3.2.3 Participatory Constitutional Reform
DDS proposes a constituent process radically different from the two that failed in Chile in 2022 and 2023. Not an elected convention that then operates autonomously, but a distributed constitutional drafting process, where each article is deliberated and voted on directly by citizens organized in microgroups, with the computer support of ddsAI.
- Every citizen participates in the drafting of the Constitution, not just in its final ratification.
- Constitutional specialists advise but do not decide.
- The resulting text is the product of the majority will of the citizens, not of a constituent elite.
3.2.4 Three-Code Identity Verification System
To ensure that each vote is from a real person, that no one can vote twice, and that citizen privacy is protected, DDS implements its unique three-code identity verification system:
- Code 1 (public identity): Verifies that the user is a real person and of legal age, without revealing their identity in the vote.

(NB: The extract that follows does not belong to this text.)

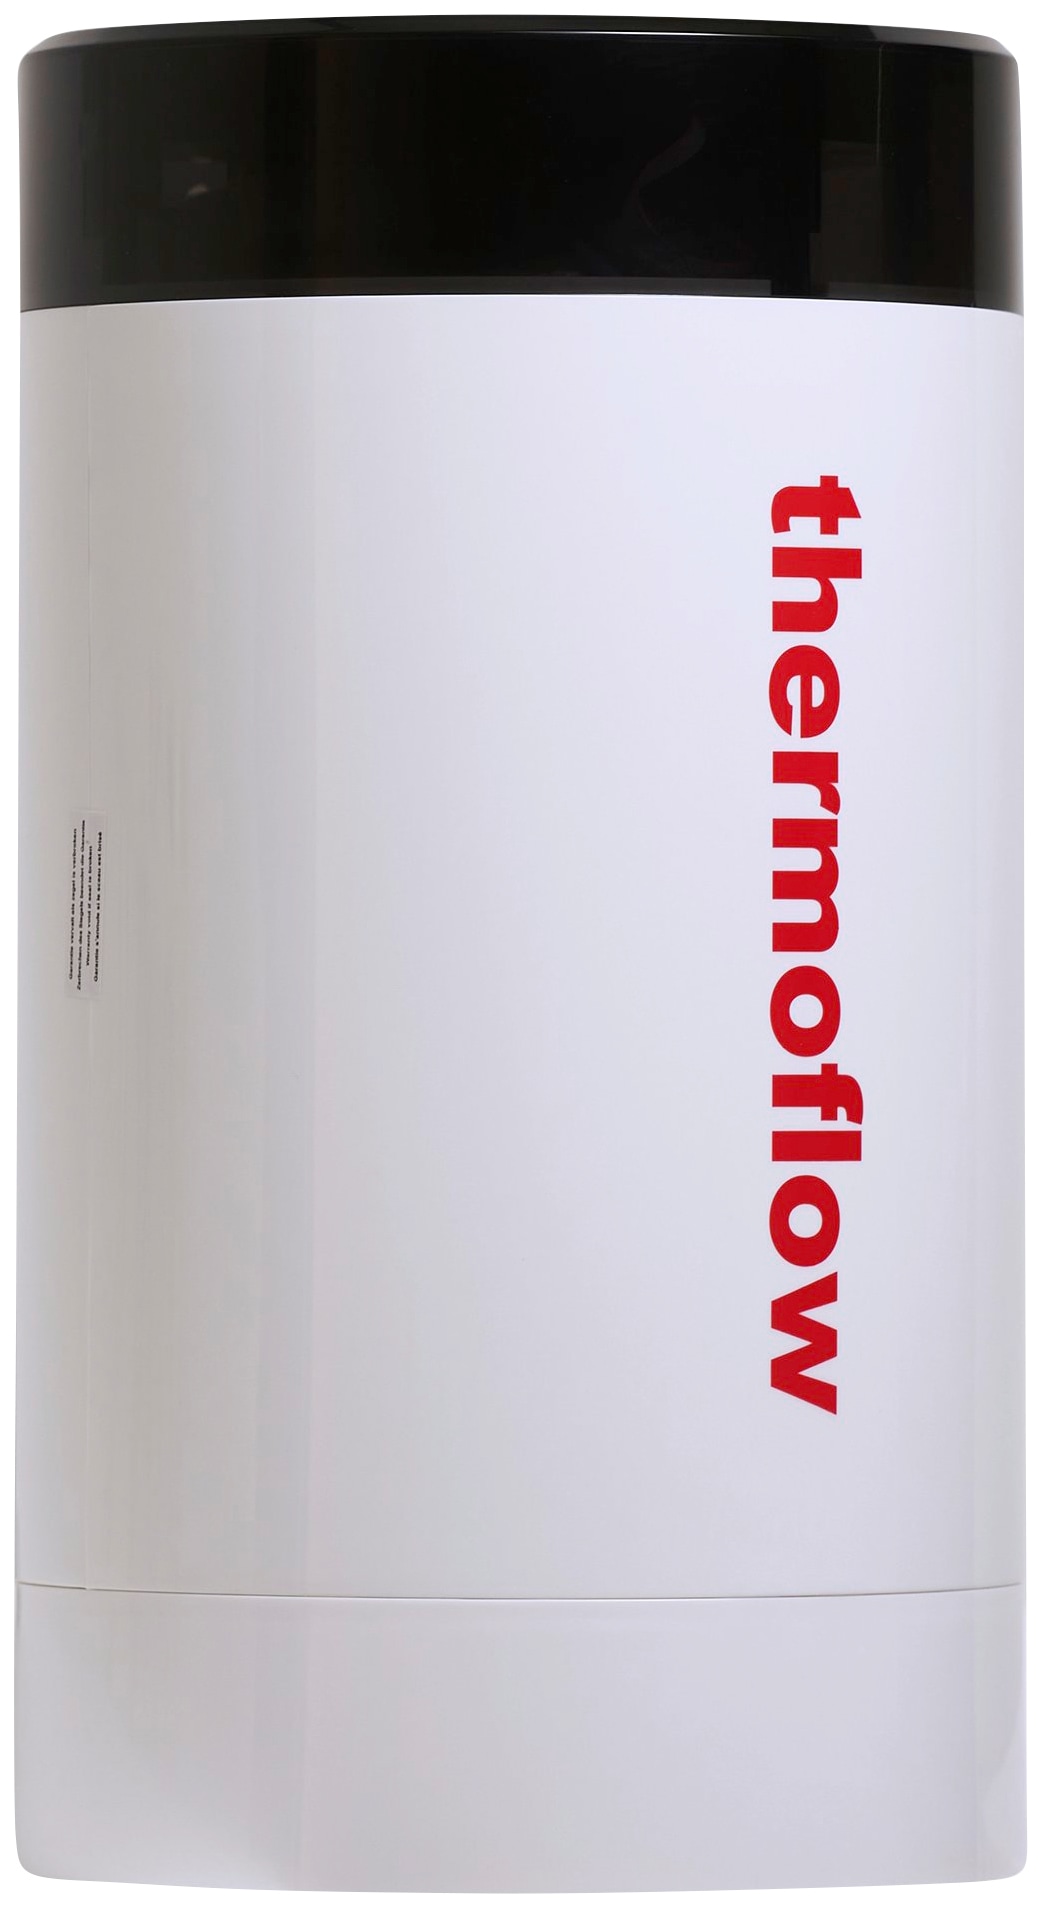 Thermoflow Untertisch-Trinkwassersystem »Thermoflow 100E«, (Komplett-Set), 5 Liter Boiler inklusiver Armatur

- Code 2 (uniqueness): Ensures that each person votes only once, with no possibility of duplication.
- Code 3 (session authentication): Protects each individual session against unauthorized access and external manipulation.
This system combines the anonymity of the vote with the certainty of authenticity, resolving the fundamental tension of every digital democracy.
3.2.5 Revocation of Permanent Mandate
No elected representative in a DDS system is guaranteed to complete their full term if they betray the platform that justified their election. The recall mechanism can be activated at any time if a predefined threshold of citizens requests it, and the decision is made by direct vote.
- The representative can defend his actions before the citizens.
- Citizens make decisions based on complete information provided by ddsAI.
- If the recall succeeds, immediate partial elections are called.
- This mechanism is not a threat: it is the most powerful incentive for representatives to fulfill their mandate honestly.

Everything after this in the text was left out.